We applied our pipeline approach, beginning with discovery proteomics, to a unique clinical model of MI that allowed for precise kinetic analysis in patients who serve as their own biological controls. Coronary sinus catheterization provided the opportunity to sample directly from the organ of interest. This approach enabled the use of a proximal fluid of the heart for discovery of candidate biomarker proteins, rather than peripheral plasma where proteins arising from the myocardium would have been more diluted. The consistent temporal changes in the levels of candidate biomarkers within individual patients and in comparisons between patients () underscore the biological plausibility of the observed association between proteomic changes and MI. This study emphasizes the important point that small numbers of samples may be used for discovery if the effect size is large and if these initial findings can be followed up with methods (specifically AIMS and SID-MRM-MS) that enable large numbers of candidates to be further credentialed or discarded by analysis of additional patient samples. In the current study, we began with samples from three time points in three patients undergoing PMI, and focused on changes of at least fivefold in protein abundance before identifying a protein as a candidate. This experimental design enhanced our power to identify statistically meaningful changes. It is important to emphasize that the MS tools, data acquisition and analysis methods as well as the statistical tests used are not specific to this human model, but are broadly applicable to the analysis of any perturbational experiment, including the more common biomarker discovery paradigm in which cases and controls come from different patients.
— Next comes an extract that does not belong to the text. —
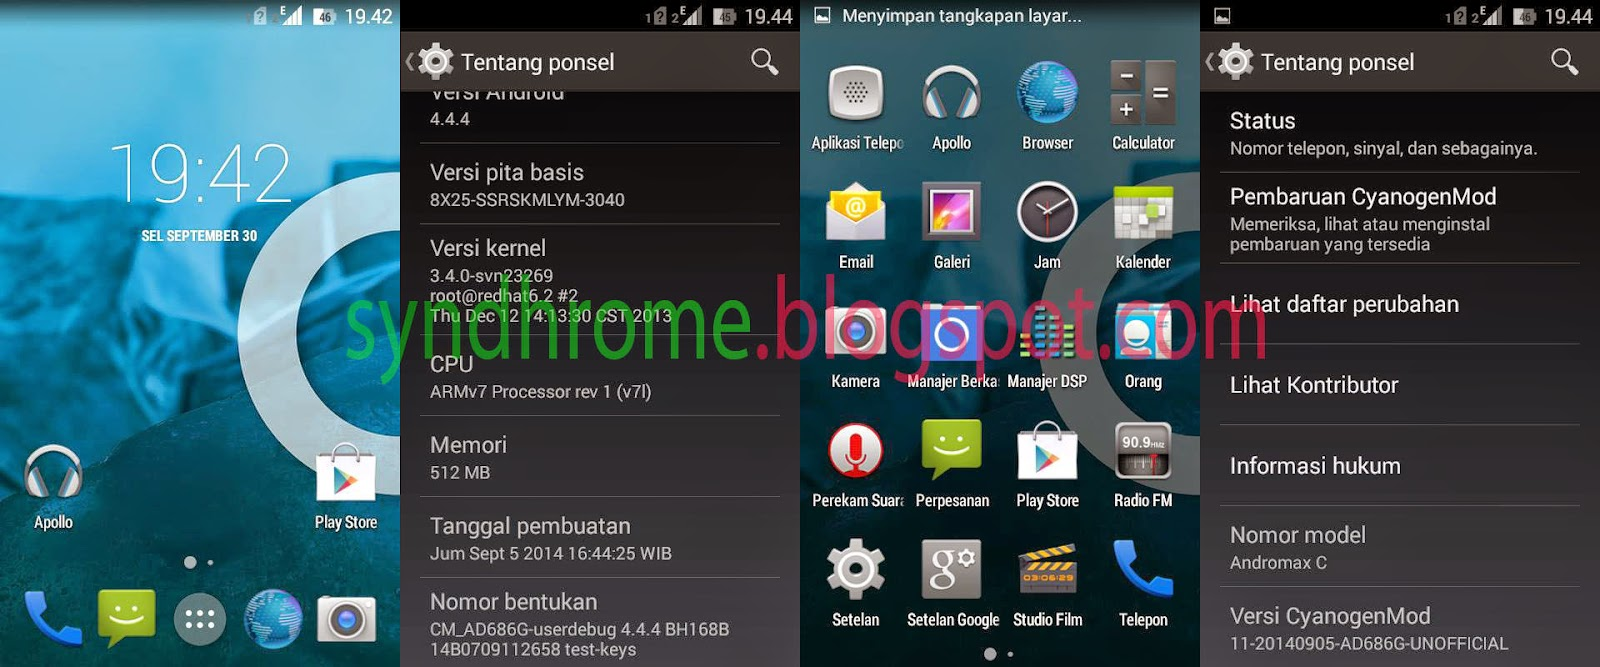 Install ROM Cyanogenmod 11 di Smartfren Andromax C Taerbaru   ROM Paling Fenomenal!

Using untargeted, data-dependent LC-MS/MS–based proteomics for discovery, we identified 1,105 unique total proteins with two or more peptides and FDR ≤ 1.5% in the plasma from the coronary sinus, or 999 proteins after excluding immunoglobulins and common contaminants such as keratins. The identified proteins spanned ~6 or 7 orders of magnitude of abundance, based on detection of peptides from REG3, IGFBP4 and LCN2, all of which are known to be present at 1–130 ng/ml levels in the plasma of healthy people22
. Consistent with prior studies23,24
, our pipeline underscores the need for abundant protein depletion combined with extensive peptide- or protein-level fractionation before LC-MS/MS for identification of proteins present at low ng/ml range in plasma. In the present study, the nine discovery samples yielded >700 sample subfractions, necessitating ~2,800 h of instrument time on the Orbitrap for LC-MS/MS analyses. The resulting list of proteins detected with high confidence in plasma also adds to the list of high-quality studies of the human plasma proteome23,24
Qualification by AIMS is an essential element of our pipeline for biomarker prioritization (), providing a reliable and relatively high-throughput method to prioritize lengthy lists of biomarker candidate methods discovered in proximal fluids or tissues. AIMS, a targeted, label-free, relative quantification method, can be thought of as the MS equivalent of a highly multiplexed western blot. Using AIMS, we effectively configured 121 MS-based western blots in a single series of analyses without the need for antibody reagents. AIMS analyses in peripheral plasma, together with the temporal correlation analysis, qualified 52 of the 121 candidate proteins (43%) derived from discovery proteomics in the coronary sinus, thereby prioritizing the candidate list to focus critical resources for quantitative assay development by MRM-MS on those qualified protein biomarker candidates with a high likelihood for success in being detected and quantified in peripheral patient plasma.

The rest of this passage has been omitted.